Make sure you fork out that $1 to feed the fish, it's a frenzy. Hungry carp make random gulps at the surface and even crowd surf to get some din dins. We took a video but Alison was laughing so much it ruined it.
The lake has paths all the round and is a nice easy walk. Most locals ride a bike, you can rent a peddly near town. Old folks peddle around with little old skool transistor radios blaring tinny, distorted versions of Chinese folks song (like this) and songs that sound like propaganda tunes from the days of Chairman Mao, (like this). We saw one dear old man double dinking his dear old lady, it was so sweet. Later in the day we saw the dear old man had dumped his dear old lady and was chatting up another one. Go tiger.
At one end of the lake is a very new part of town, with a brand-spankin new townhouse estate, fancy supermarket and car dealerships. Trust us to get hungry in the one part of town where there's hardly any restaurants.
We find salvation in this two sided tent next to the train station, which is located some distance away from the main centre of the city. It's run by a bunch of young friendly blokes, two dogs and a pussycat.
Action-man beer and cryogenically sealed cutlery.
The kitchen - note the two hounds hard at work.
Stir fried Chinese greens. So simple. So good.
Shredded potato. Perfectly cooked. Vegetable dishes are insanely good and insanely cheap in China.
We follow the lake around until we hit the town centre.
The delights of KFC China. We pondered trying 'the one with the brown goop' but never made it.
We walk back down the main road to home. It's buzzing as folks knock off at the end of the day.
Back at the night market we get posh with gold label Pabst.
Our entertainment for the evening is watching these blokes fill a shipping container with coat-hangers bound for Quebec, Canada. We become instant experts in container packing, much like watching any event in the Olympics and knowing how to score so much better.
A cool dish of custard like rice cake in chilli oil from the cold noodle lady- insane.
Steamed pork buns.
This hawker sets up shop right next to our little party.

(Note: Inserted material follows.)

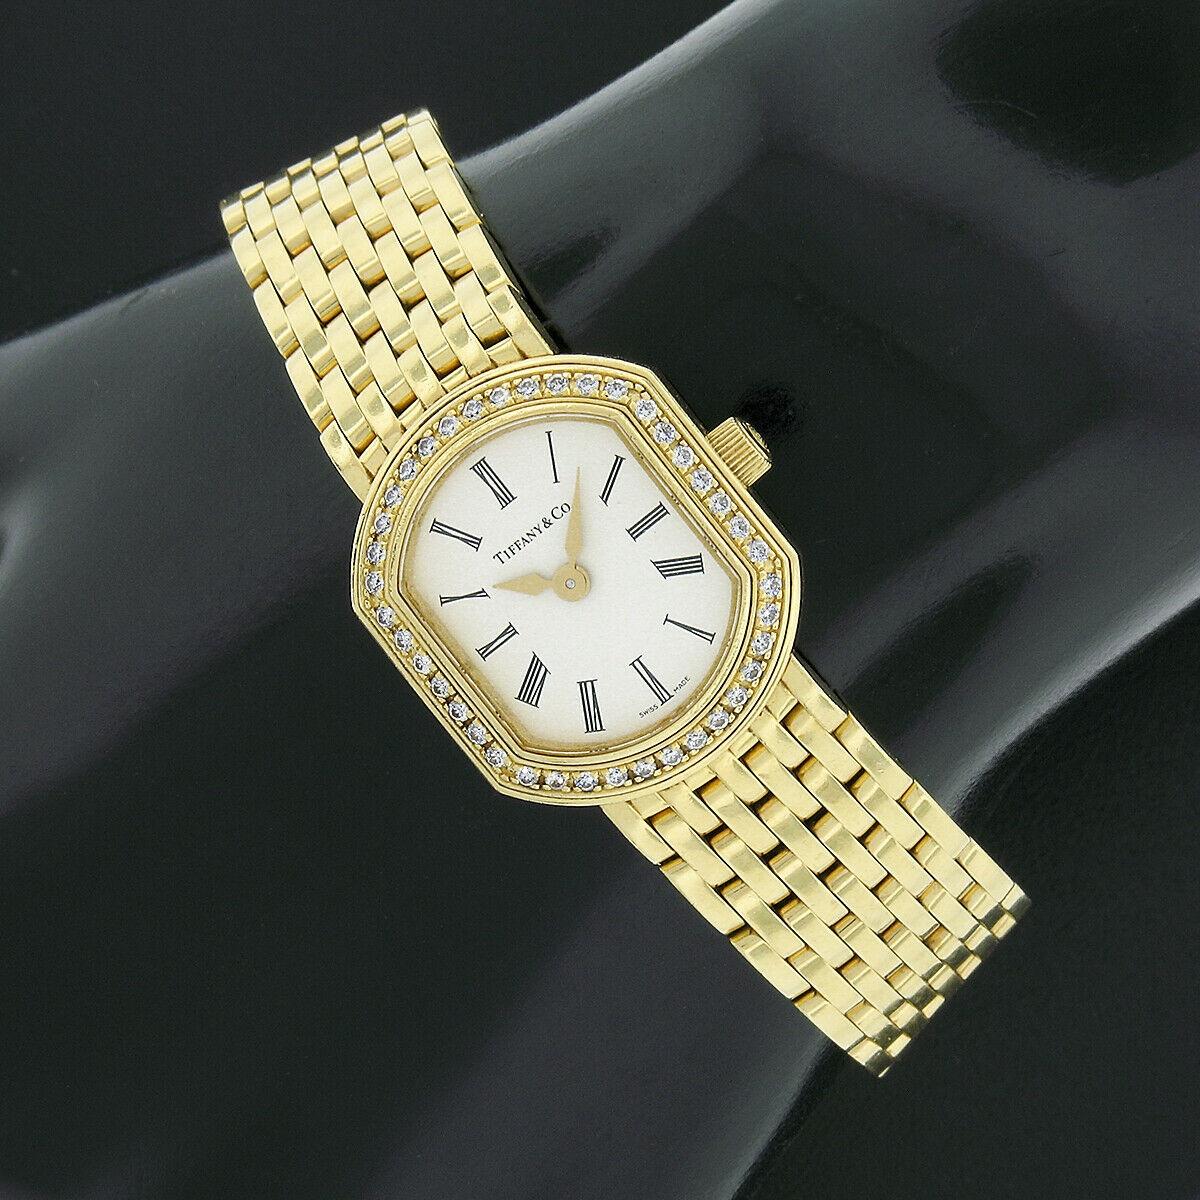 Cette élégante pièce de collection pour dames de Tiffany & Co. La montre-bracelet Resonator de Mark Coupe est dotée d'un boîtier de forme coussin en or jaune 18 carats massif de 21 mm, orné d'une lunette en diamants d'une qualité exceptionnelle. La

He's got everything on a stick. Your selection is dunked in the tumeric flavoured broth.
Our selections - come kind of seaweed (meh), some kind of fishy-rice cake, a googy and a Footy Frank.
We see a bloke selling a mystery tofu dish so we order one. He takes squares of fried tofu and mixes it up with coriander and mystery goodies.
Turns out we have ordered stinky tofu. Looks good. Tastes like vomit. One of those dishes you have to grow up with, like natto or Vegemite.
The stinky tofu man of Zhaoqing.
The fried bread stick lady is making a killing. Either because her bread sticks are extra good, or she is extra pretty. It's a bit of both.
The next day we stop for breakfast as we head out of town.
This bloke is making rice noodle rolls right out on the street. He adds a dollop of batter from his magic red bucket.
He then shakes the pan like a mad man to spread the mixture out flat.
Fillings are added.
He rolls it up.
Wallah! The humble rice roll is our favourite breakfast in Southern China, along with a bowl of congee.
This lady drags Mr Shawn over to show him her goodies. Who can resist some breaky dim sum?
Boiled peanuts, pork ribs and mystery meat balls. Yay.
The locals wag goodbye as we waddle off to the bus station to ride to Guangzhou.
Pussycats hard at work in some weird health appliance store.
Bye bye Zhaoqing, hello Guangzhao. We love China.